= AoS and SoA =

Parallel computing data layout methods

In computing, an array of structures (AoS), structure of arrays (SoA) or array of structures of arrays (AoSoA) are contrasting ways to arrange a sequence of records in memory, with regard to interleaving, and are of interest in SIMD and SIMT programming.

== Structure of arrays ==

Structure of arrays (SoA) is a layout separating elements of a record (or 'struct' in the C programming language) into one parallel array per field. The motivation is easier manipulation with packed SIMD instructions in most instruction set architectures, since a single SIMD register can load homogeneous data, possibly transferred by a wide internal datapath (e.g. 128-bit). If only a specific part of the record is needed, only those parts need to be iterated over, allowing more data to fit onto a single cache line. The downside is requiring more cache ways when traversing data, and inefficient indexed addressing.

For example, to store N points in 3D space using a structure of arrays:

struct Vector3List {
    float x[N];
    float y[N];
    float z[N];
};
struct Vector3List points;

float get_point_x(size_t i) {
    return points.x[i];
}

== Array of structures ==
Array of structures (AoS) is the opposite (and more conventional) layout, in which data for different fields is interleaved.
This is often more intuitive, and supported directly by most programming languages.

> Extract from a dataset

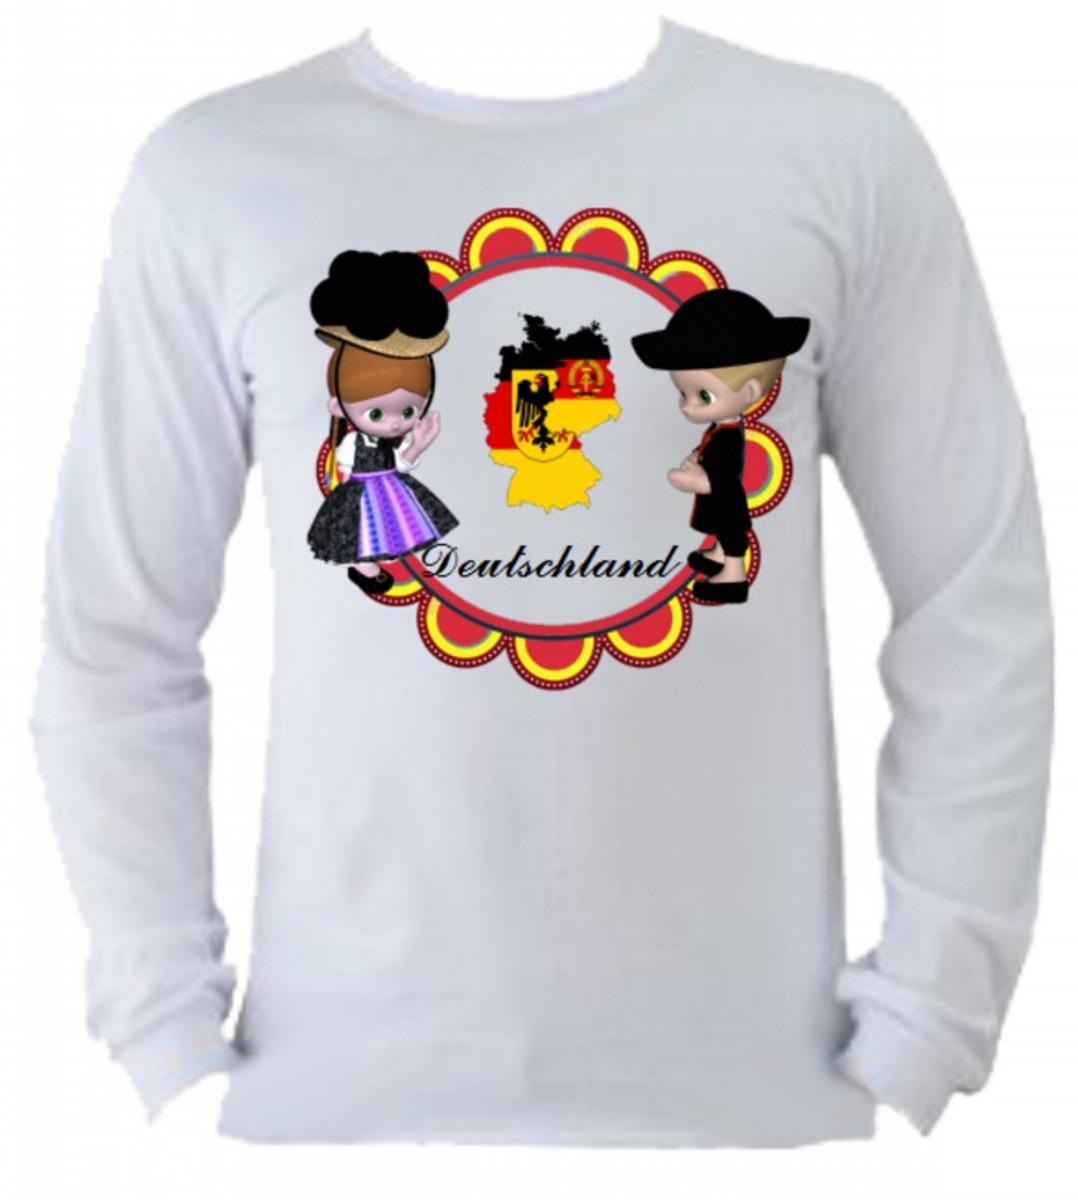 Camiseta Alemanha manga longa 1 no Elo7  77d0b31b82350
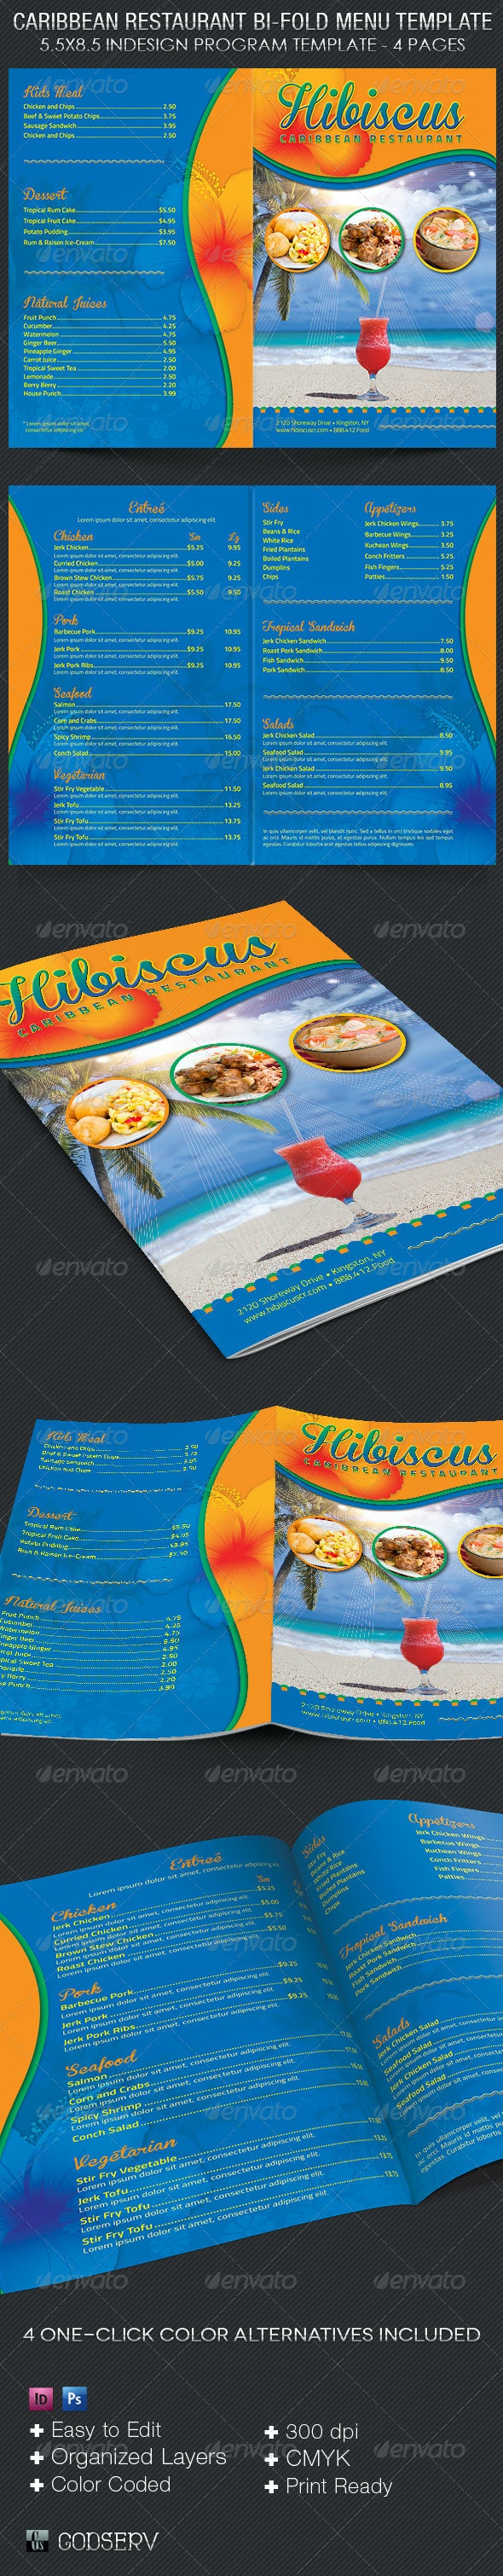 Caribbean Restaurant Menu Template - Food Menus Print Templates

For example, to store N points in 3D space using an array of structures:

struct Vector3 {
    float x;
    float y;
    float z;
};
struct Vector3 points[N];

float get_point_x(size_t i) {
    return points[i].x;
}

== Array of structures of arrays ==
Array of structures of arrays (AoSoA) or tiled array of structs is a hybrid approach between the previous layouts, in which data for different fields is interleaved using tiles or blocks with size equal to the SIMD vector size. This is often less intuitive, but can achieve the memory throughput of the SoA approach, while being more friendly to the cache locality and load port architectures of modern processors. In particular, memory requests in modern processors have to be fulfilled in fixed width (e.g., size of a cacheline). The tiled storage of AoSoA aligns the memory access pattern to the requests' fixed width, leading to fewer access operations to complete a memory request and thus increasing the efficiency.

For example, to store N points in 3D space using an array of structures of arrays with a SIMD register width of 8 floats (or 8×32 = 256 bits):

struct Vector3x8 {
    float x[8];
    float y[8];
    float z[8];
};
struct Vector3x8 points[(N + 7) / 8];
float get_point_x(size_t i) {
    return points[i / 8].x[i % 8];
}

A different width may be needed depending on the actual SIMD register width. The interior arrays may be replaced with SIMD types such as float32x8 for languages with such support.

== 4D vectors ==
AoS vs. SoA presents a choice when considering 3D or 4D vector data on machines with four-lane SIMD hardware. SIMD ISAs are usually designed for homogeneous data, however some provide a dot product instruction and additional permutes, making the AoS case easier to handle.

Although most GPU hardware has moved away from 4D instructions to scalar SIMT pipelines, modern compute kernels using SoA instead of AoS can still give better performance due to memory coalescing.

== Software support ==

Most languages support the AoS format more naturally by combining records and various array abstract data types.

SoA is mostly found in languages, libraries, or metaprogramming tools used to support a data-oriented design. Examples include:
- "Data frames", as implemented in R, Python's Pandas package, and Julia's DataFrames.jl package, are interfaces to access SoA like AoS.
- The Julia package StructArrays.jl allows for accessing SoA as AoS to combine the performance of SoA with the intuitiveness of AoS.
- Code generators for the C language, including Datadraw and the X Macro technique.

Automated creation of AoSoA is more complex. An example of AoSoA in metaprogramming is found in LANL's Cabana library written in C++; it assumes a vector width of 16 lanes by default.